Cell Culture and Gene Transfer
African green monkey kidney COS-1 cells and FBHE cells were obtained from the American Type Culture Collection and grown in monolayer culture in 10% (vol/vol) FBS in DMEM. Cardiac ventricular myocytes were isolated from newborn Sprague-Dawley rat (1-day) hearts by enzymatic disaggregation with 0.1% (wt/vol) trypsin (Sigma Chemical Co) by use of a temperature-regulated (35°C) spinner flask, with or without subsequent fractionation on a Percoll gradient.23 In the absence of Percoll fractionation, cells were preplated for 1.5 hours without collagen to allow nonmuscle cells to attach. The remaining unattached cardiac myocytes were obtained by low-speed centrifugation and used for our experiments. Cells were counted with a hemocytometer and plated on collagen-coated dishes in Ham's F-10 medium containing 10% (vol/vol) FBS, 10% (vol/vol) horse serum, and 140 µg/mL (wt/vol) calcium chloride.

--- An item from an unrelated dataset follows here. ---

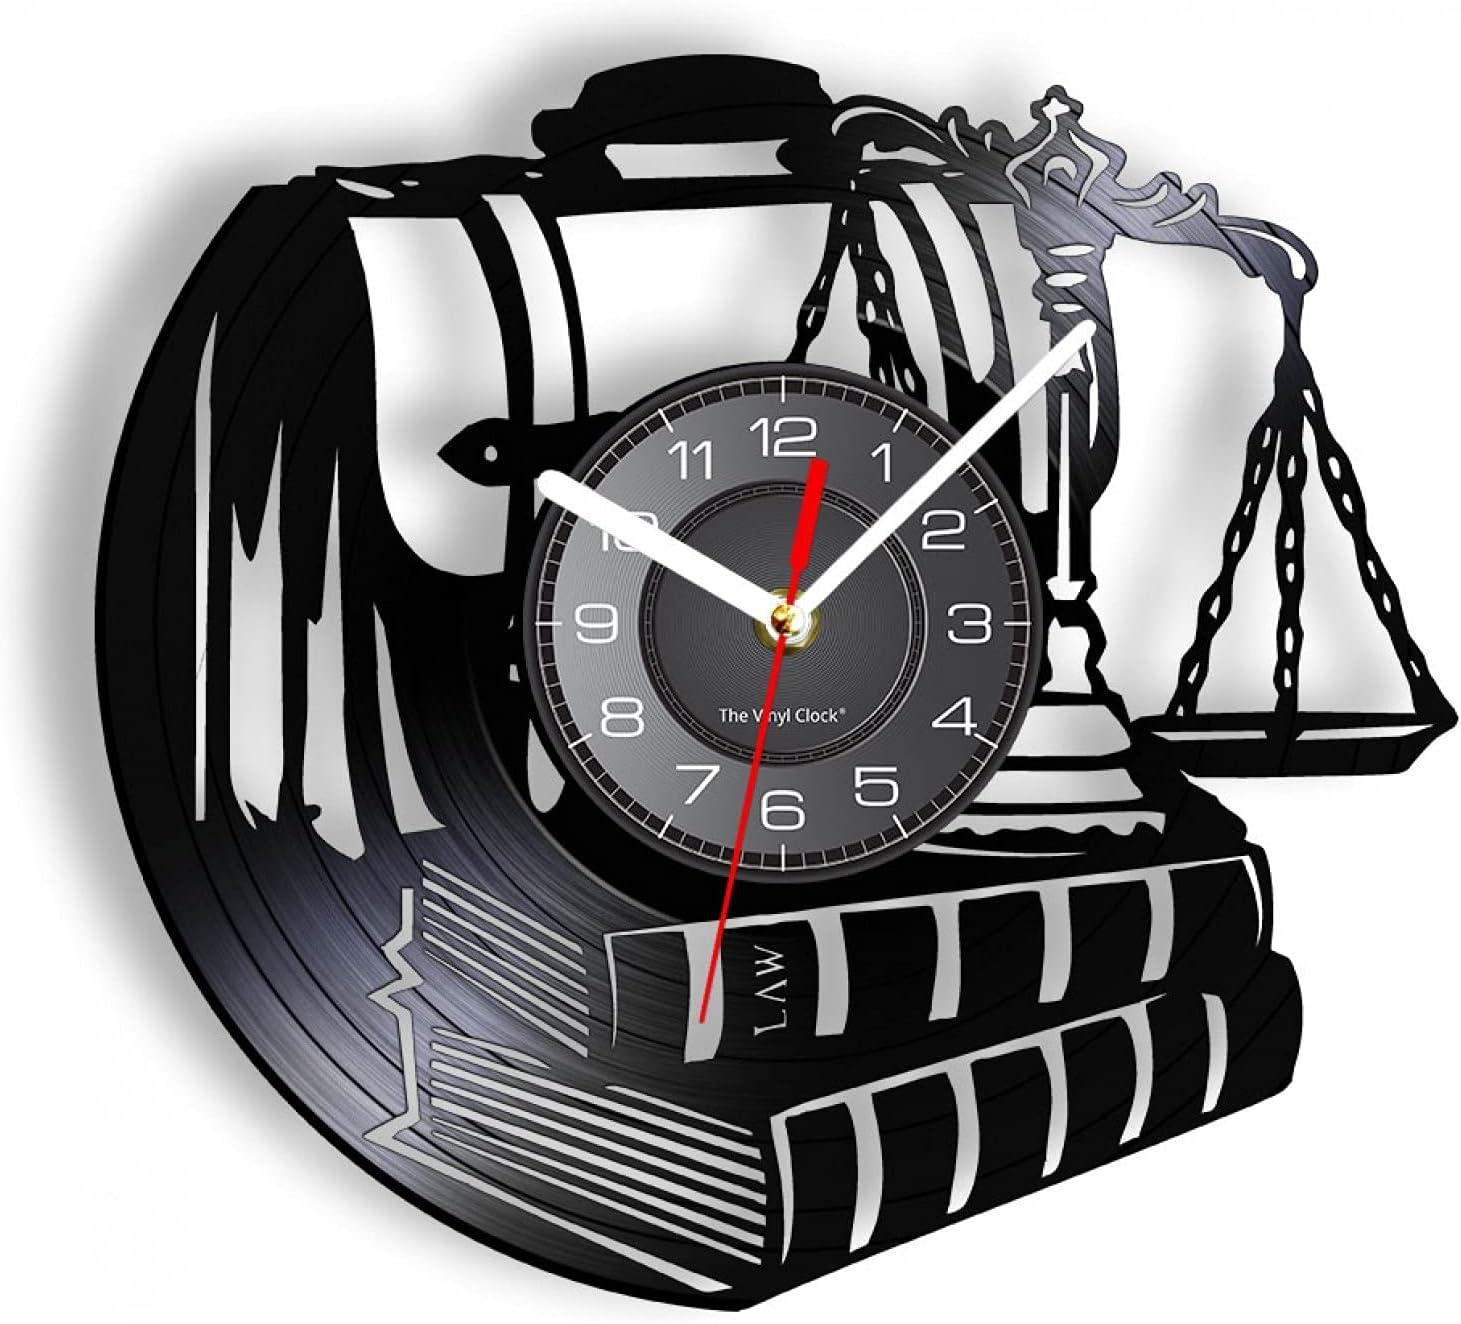 wwccy Abogado de la Justicia Reloj de Pared Hecho de Disco de Vinilo Real Libro de leyes Maletín Balance Vintage Reloj de Pared Iluminado Regalo para Abogados

For gene transfer, COS-1 cells were plated at a density of 0.5x106 cells per 100-mm dish, and cardiac myocytes were plated at a density of 1.5 to 2.0x106 per 60-mm dish or 0.7x106 per 35-mm dish. Cells were transfected by the calcium phosphate/DNA precipitation method essentially as described previously.24 Briefly, cells were transfected 24 to 48 hours after plating with 10 µg of test plasmid DNA per 5 mL of 10% FBS-DMEM. After 24 hours, cells were refed with growth medium and maintained for a further 48 to 72 hours before processing.

Immunoblotting
Transfected cultures were lysed in 1 mol/L sodium chloride solution (1.0 mL per 100-mm plate) containing 5 µg/mL leupeptin, 5 µg/mL pepstatin, 5 µg/mL aprotinin, and 1 mmol/L phenylmethylsulfonyl fluoride. Cell lysates were fractionated by using heparin-Sepharose beads to evaluate levels of different forms of FGF-2 in the total extracts, as described earlier.25 Protein concentrations of all the extracts were determined by using the Bradford protein assay,26 and starting concentrations (2 mg of total cellular lysate) were normalized in all the treatments before heparin-Sepharose adsorption. Heparin-Sepharose bound protein was resolved in a 12.5% gel by SDS-PAGE and transferred onto Immobilon P membrane (Millipore). Blots were blocked with 1% (wt/vol) gelatin in calcium- and magnesium-free PBS for 30 minutes at room temperature and probed with rabbit polyclonal anti–FGF-2 antibodies25 (at a dilution of 1:5000) for 18 hours at 4°C, and FGF-2 was visualized by incubation with [125I]protein A (75 µCi/mL, Amersham Corp) as described previously.17 FGF-2 levels were quantified by densitometry. Samples of recombinant human FGF-2 (Upstate Biotechnology Inc) as well as prestained SDS-PAGE standards (low range, Bio-Rad) were used as molecular weight markers.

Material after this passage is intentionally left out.